Predictive analytics and machine learning are hot, new research fields. They are new compared to other fields and, without a doubt, we can expect a lot of rapid growth. It is even predicted that machine learning will accelerate so fast that within mere decades human labor will be replaced by intelligent machines (see http://en.wikipedia.org/wiki/Technological_singularity). The current state of art is far from that utopia. A lot of computing power and data is still needed to make even simple decisions, such as determining whether pictures on the Internet contain dogs or cats. Predictive analytics uses a variety of techniques, including machine learning to make useful predictions, for instance, to determine whether a customer can repay his or her loans or identify female customers who are pregnant (see http://www.forbes.com/sites/kashmirhill/2012/02/16/how-target-figured-out-a-teen-girl-was-pregnant-before-her-father-did/).

To make these predictions, features are extracted from huge volumes of data. We mentioned features before—they are also called predictors. Features are input variables that can be used to make predictions. In essence, we have features found in our data and we are looking for a function that maps the features to a target, which may or may not be known. Finding the appropriate function can be hard; often, different algorithms and models are grouped together in so called ensembles. The output of an ensemble can be a majority vote or an average of a group of models, but we can also use a more advanced algorithm to produce the final result. We will not be using ensembles in this chapter, but it is something to keep in mind.

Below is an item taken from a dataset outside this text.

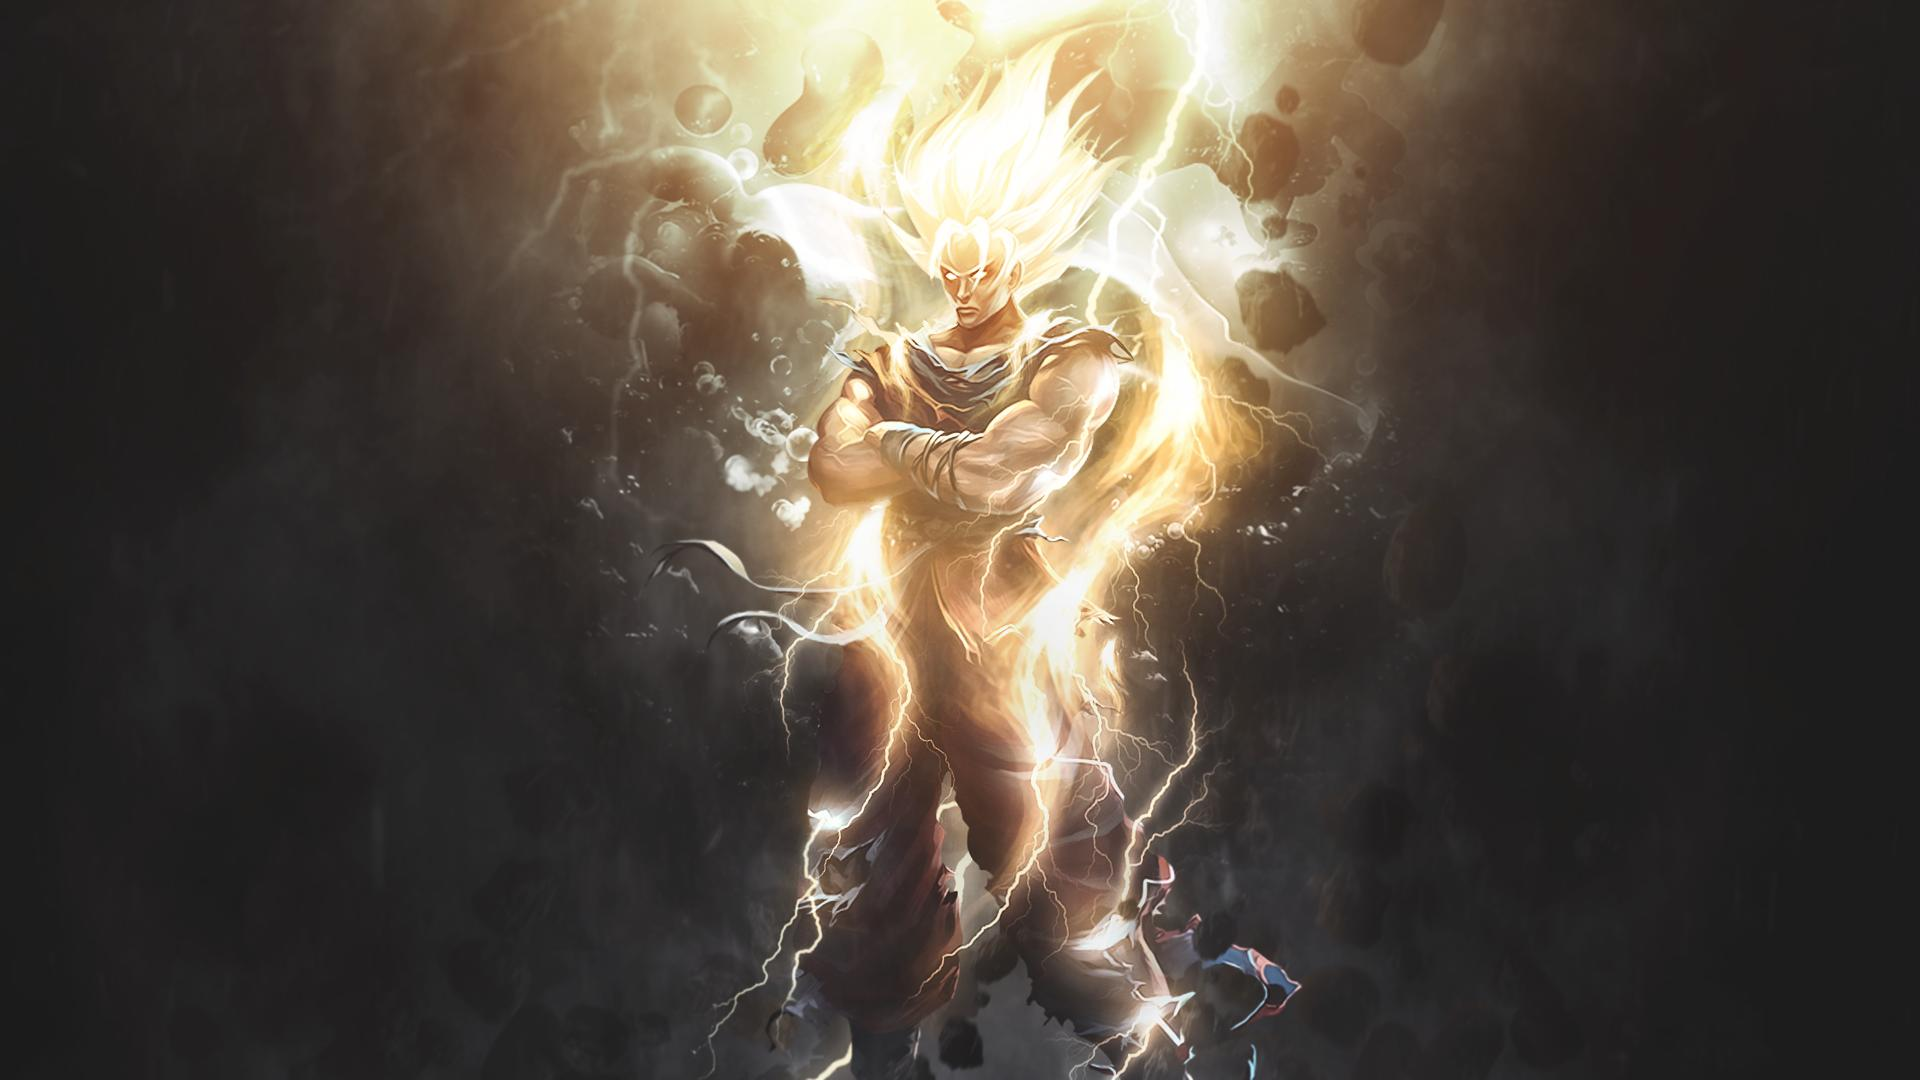 Goku Hd Wallpaper Background Image 1920x1080 Id

In the previous chapter, we got a taste of machine learning algorithms—the Naive Bayes classification algorithm. We can divide machine learning into the following categories:

  • Supervised learning: This requires us to label training data. For instance, if we want to classify spam, we need to provide examples of spam and normal e-mail messages.
  • Unsupervised learning: This doesn't require human input. This type of learning can discover patterns such as clusters in large datasets.
  • Reinforcement learning: This is learning without a tutor, but with some sort of feedback. For example, a computer can play chess against itself or if you remember the War Games movie from 1983 (see http://en.wikipedia.org/wiki/WarGames), think of tic-tac-toe and thermonuclear warfare.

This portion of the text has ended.